▶ **TO DO**
Leave out all pictures while you copy the lines exactly from the one with "I dropped out of" through the last line of the listing.

▶ **DATA EXTRACT**

--------------------------------

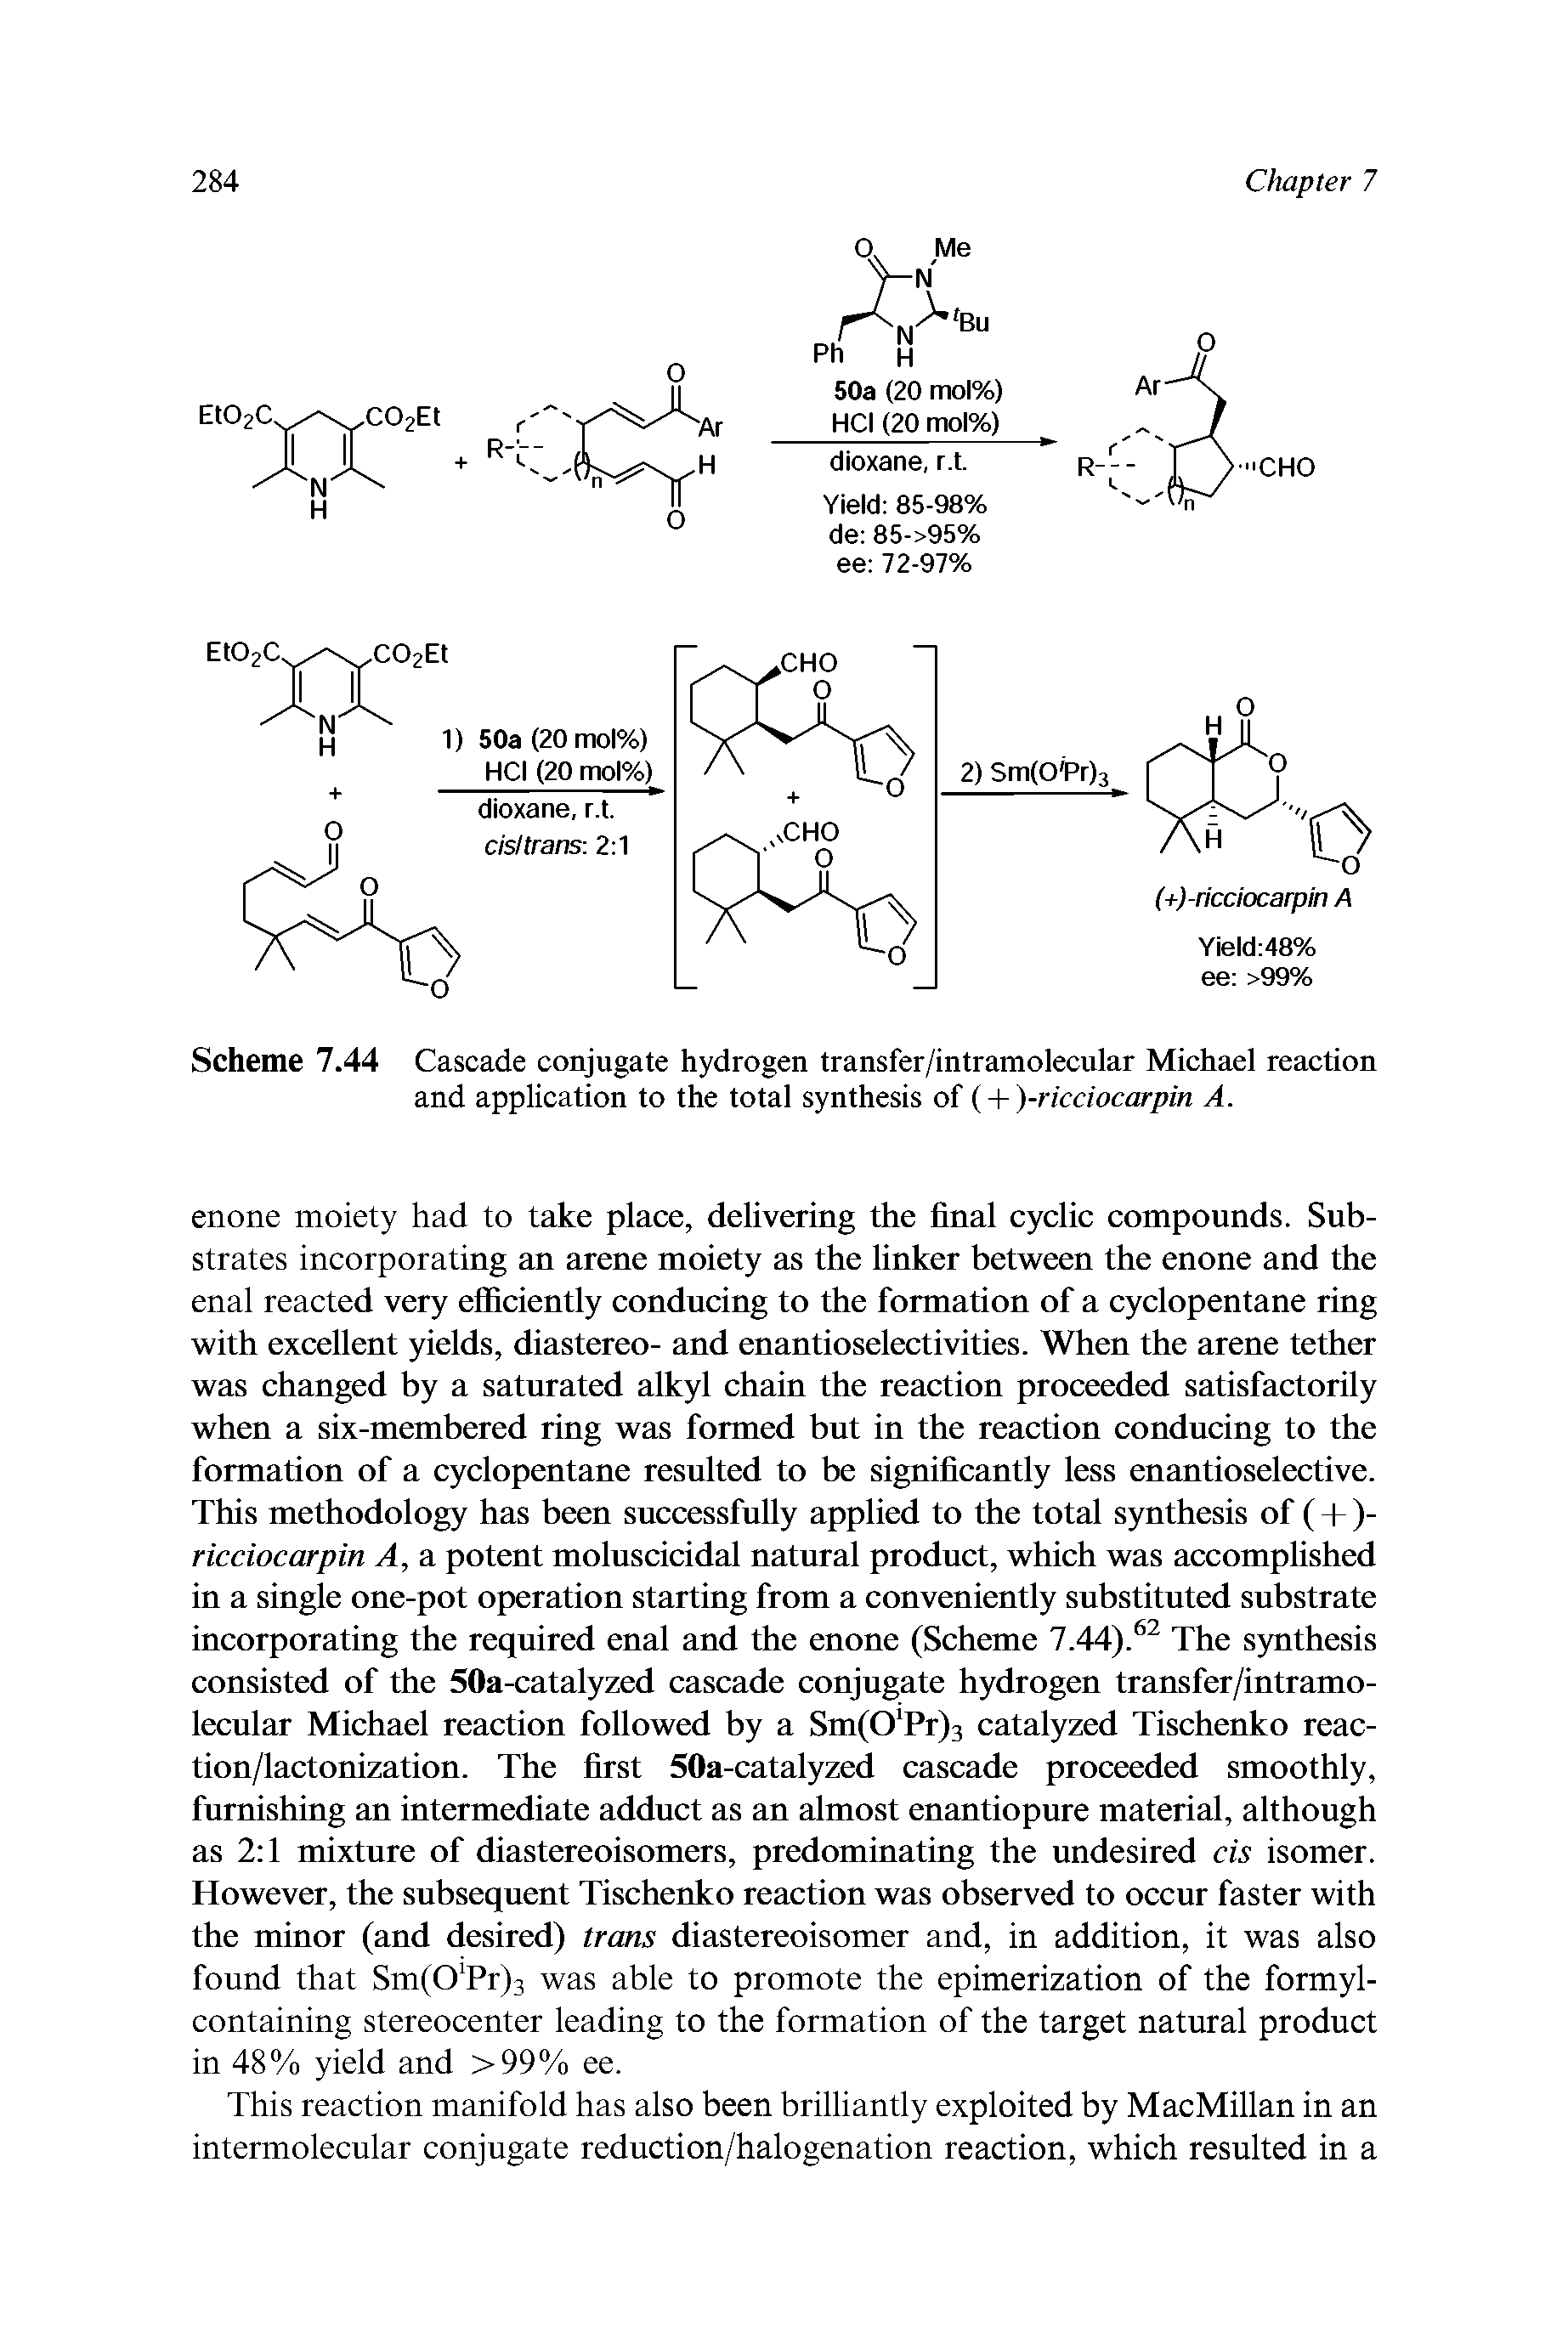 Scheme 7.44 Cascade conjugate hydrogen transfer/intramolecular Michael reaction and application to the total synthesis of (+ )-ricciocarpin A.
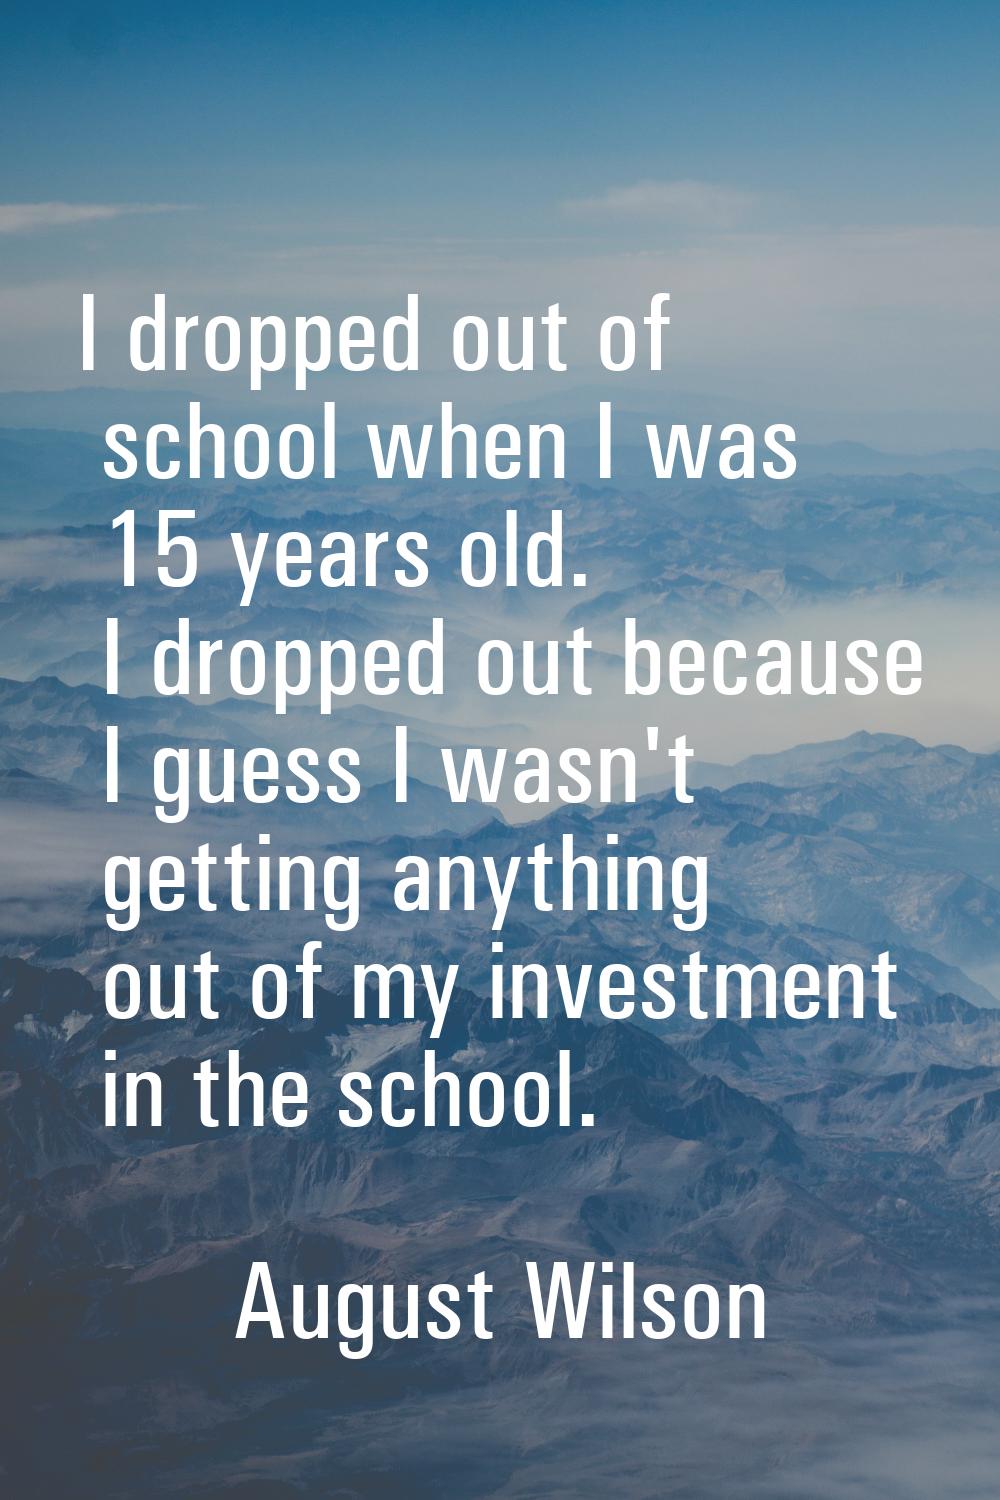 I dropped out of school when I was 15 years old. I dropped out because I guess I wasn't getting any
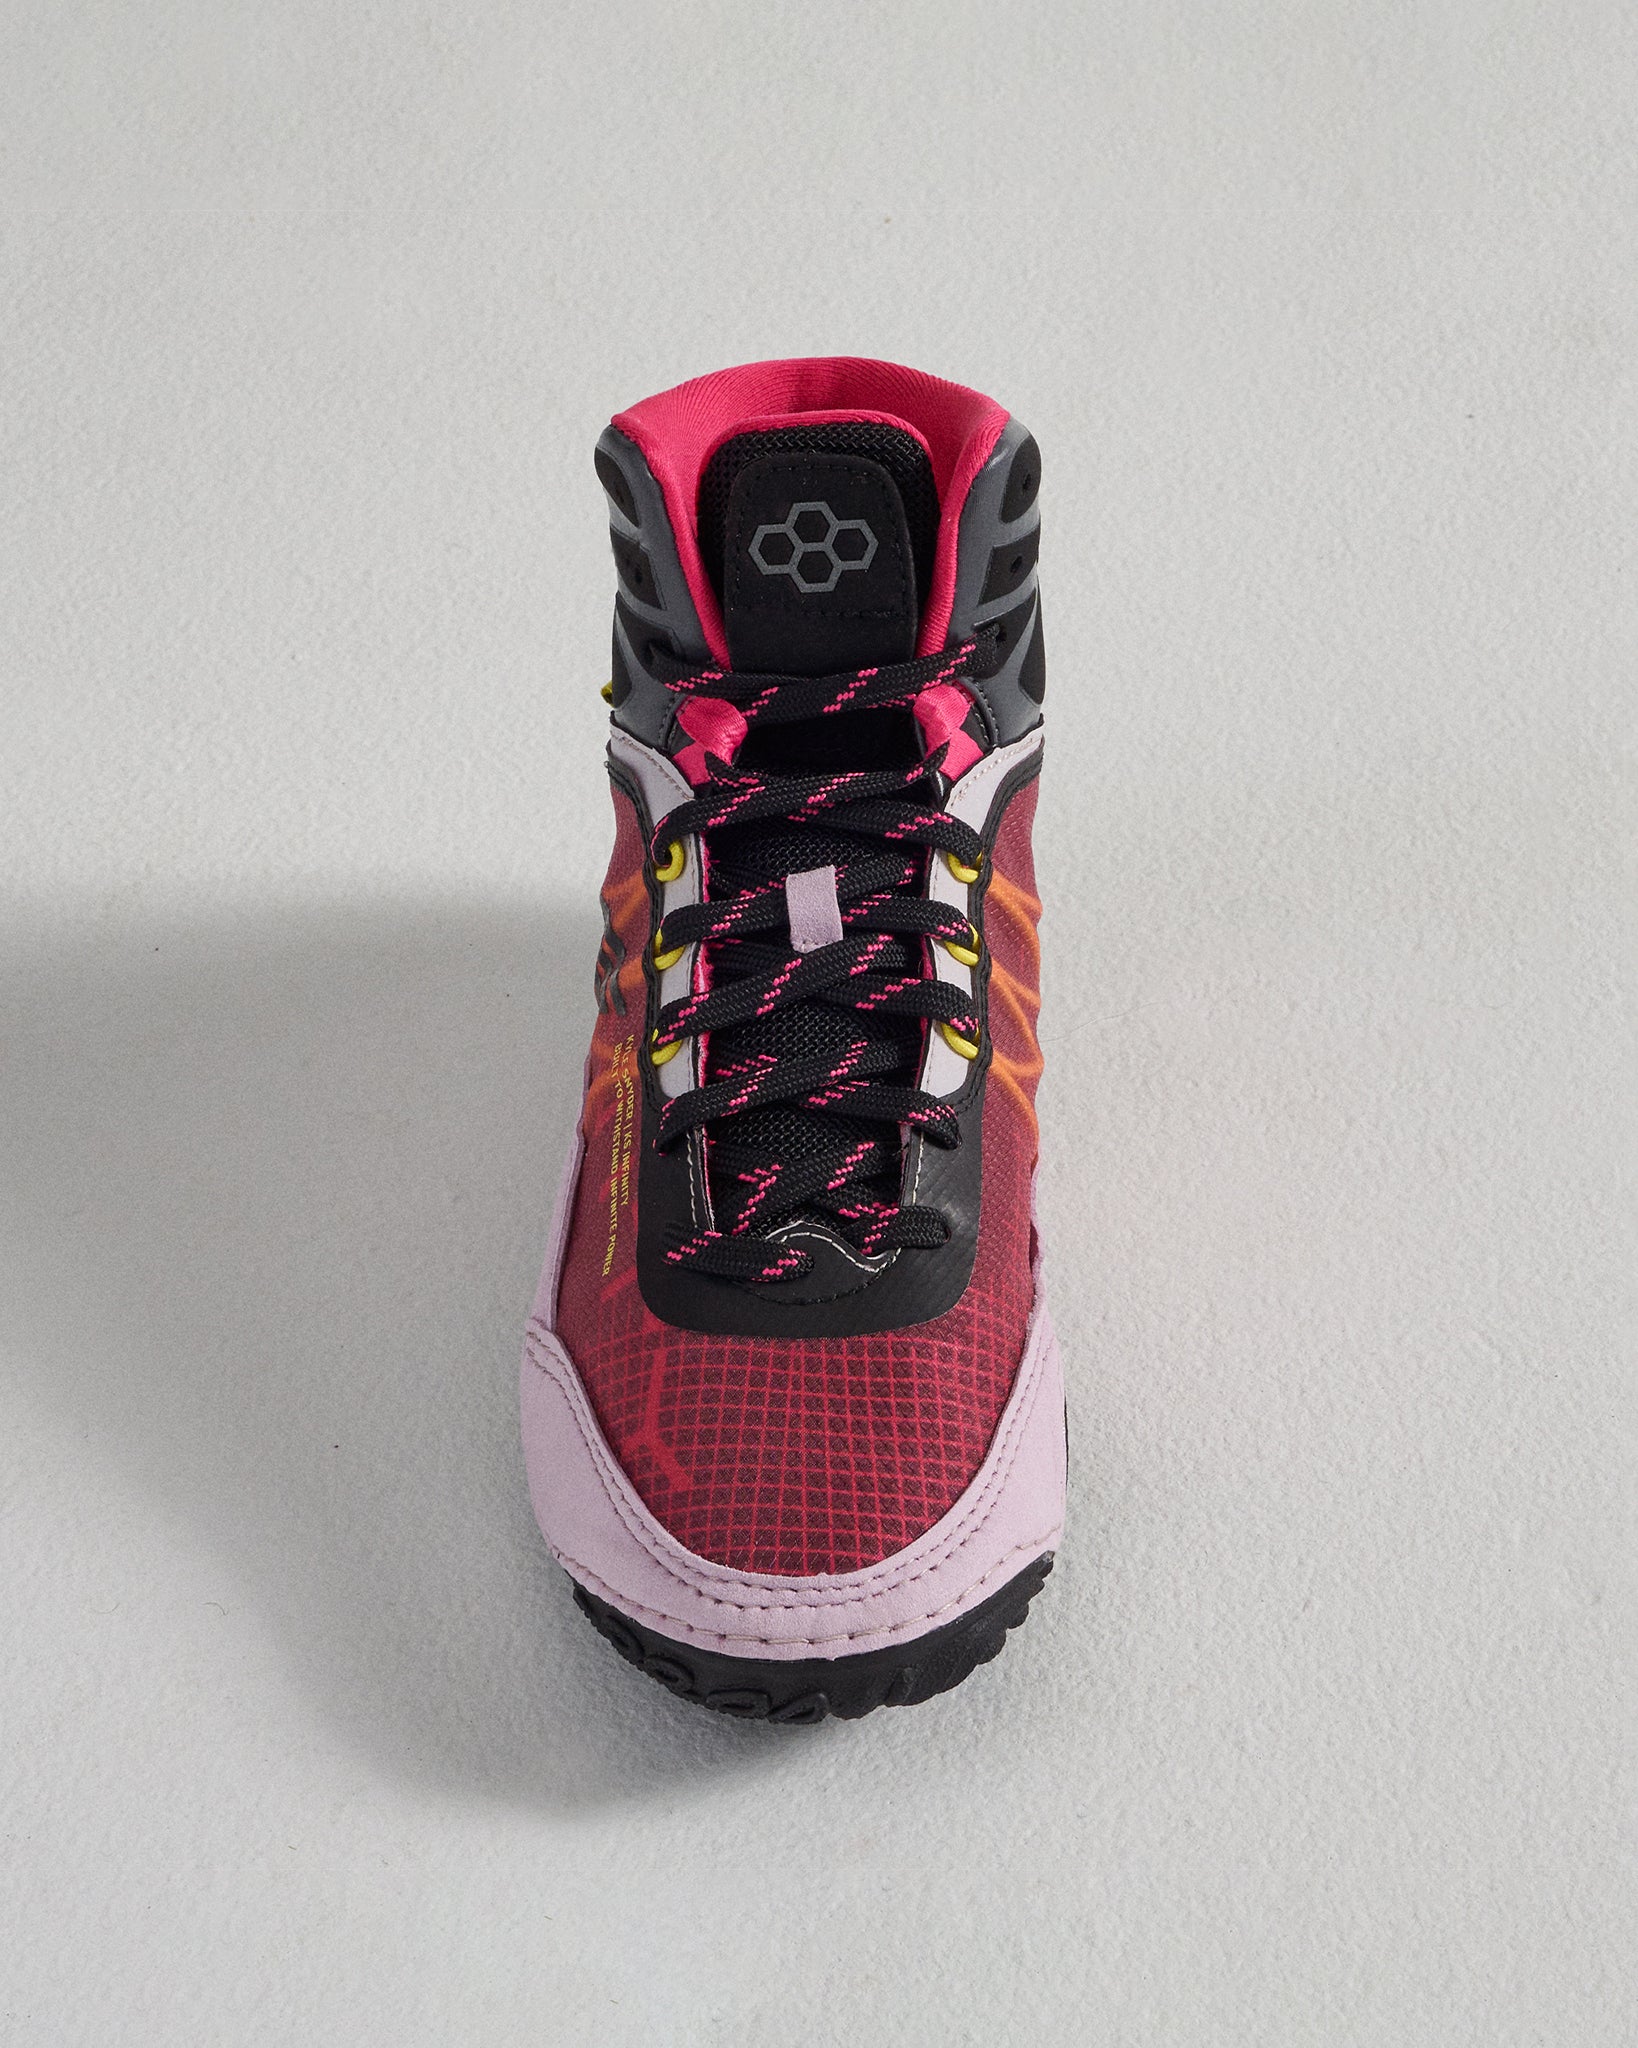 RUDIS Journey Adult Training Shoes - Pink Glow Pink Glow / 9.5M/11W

--------------------------------

▶ **RESULT OF THIS EXERCISE**
 I dropped out of school when I was 15 years old. I dropped out because I guess I wasn't getting any
 RUDIS Journey Adult Training Shoes - Pink Glow Pink Glow / 9.5M/11W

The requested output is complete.